What to do: From the records below, print exactly the lines starting at the one containing "Makita DHP482 Hammer" and ending at the one containing "72+] Red Christmas", ends included, and nothing else.

Extracted records:
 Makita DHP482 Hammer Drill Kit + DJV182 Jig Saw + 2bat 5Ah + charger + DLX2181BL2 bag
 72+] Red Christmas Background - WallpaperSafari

...

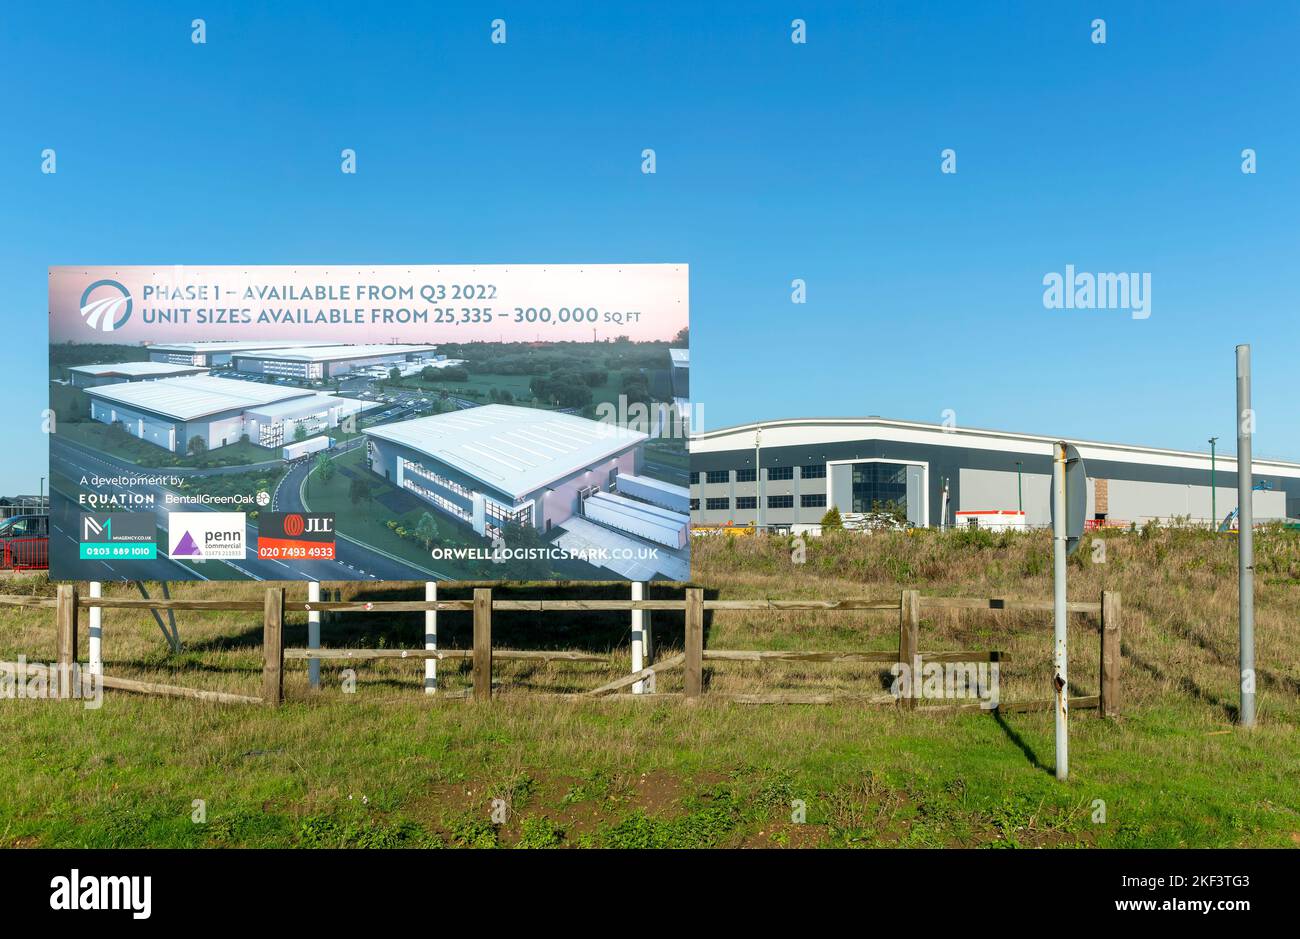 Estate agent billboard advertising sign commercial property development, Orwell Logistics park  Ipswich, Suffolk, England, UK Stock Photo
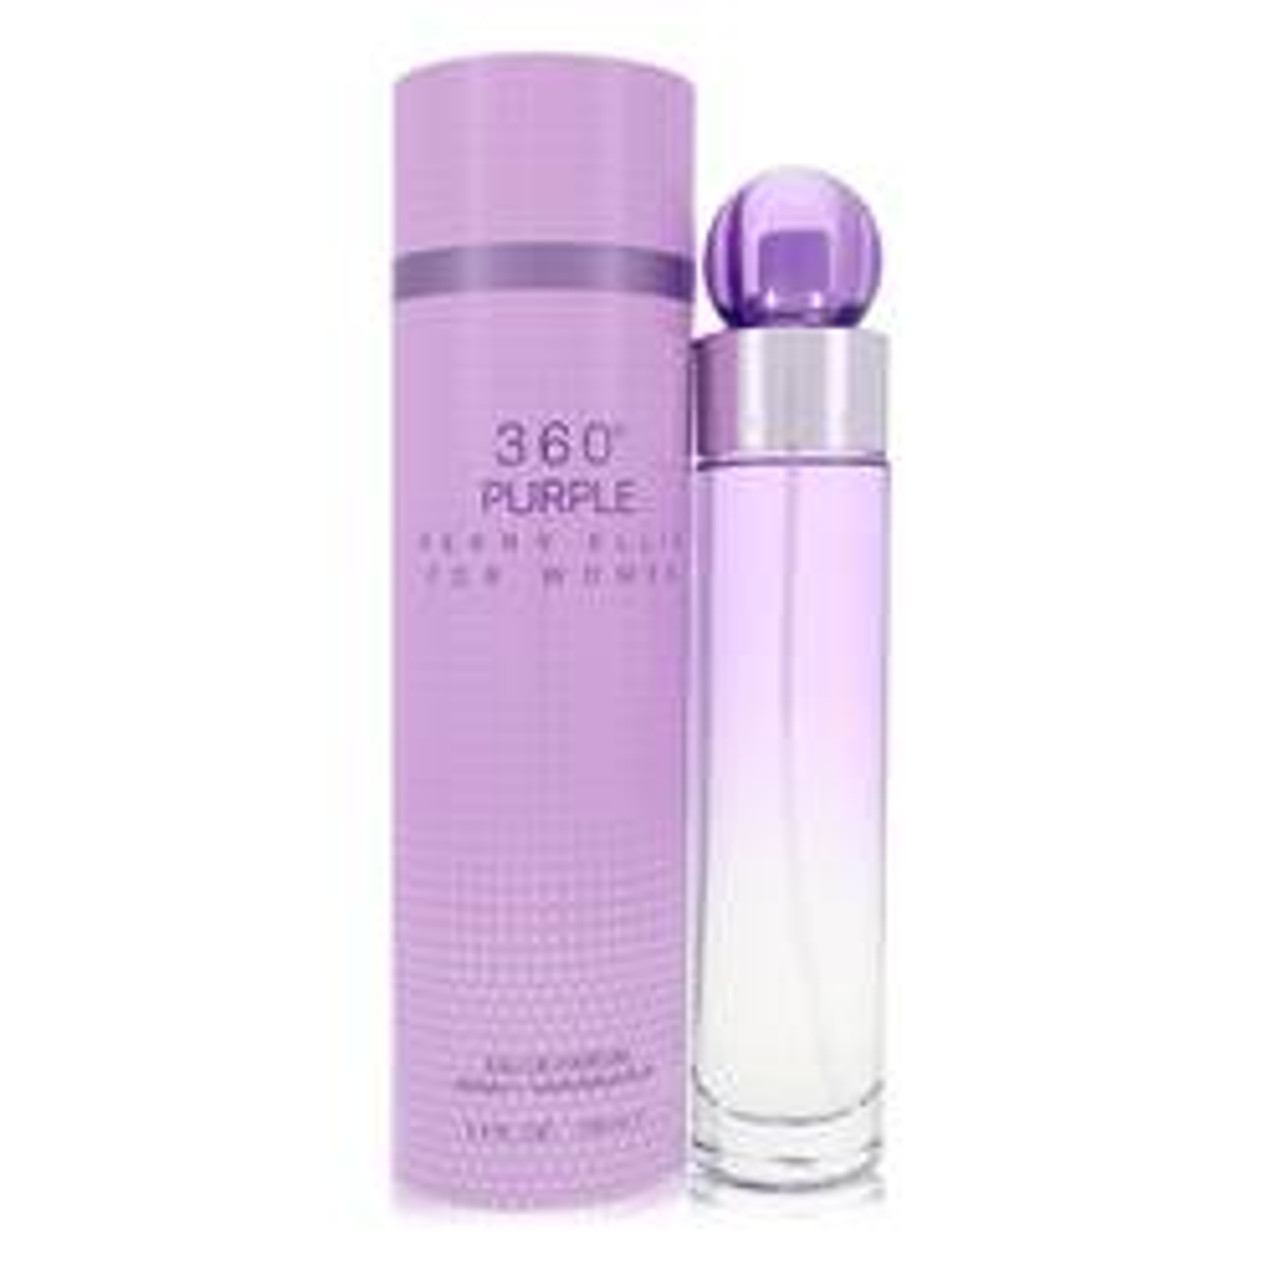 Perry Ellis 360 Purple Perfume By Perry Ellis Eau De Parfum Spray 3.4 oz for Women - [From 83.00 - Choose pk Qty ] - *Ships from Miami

Final answer:
 Makita DHP482 Hammer Drill Kit + DJV182 Jig Saw + 2bat 5Ah + charger + DLX2181BL2 bag
 72+] Red Christmas Background - WallpaperSafari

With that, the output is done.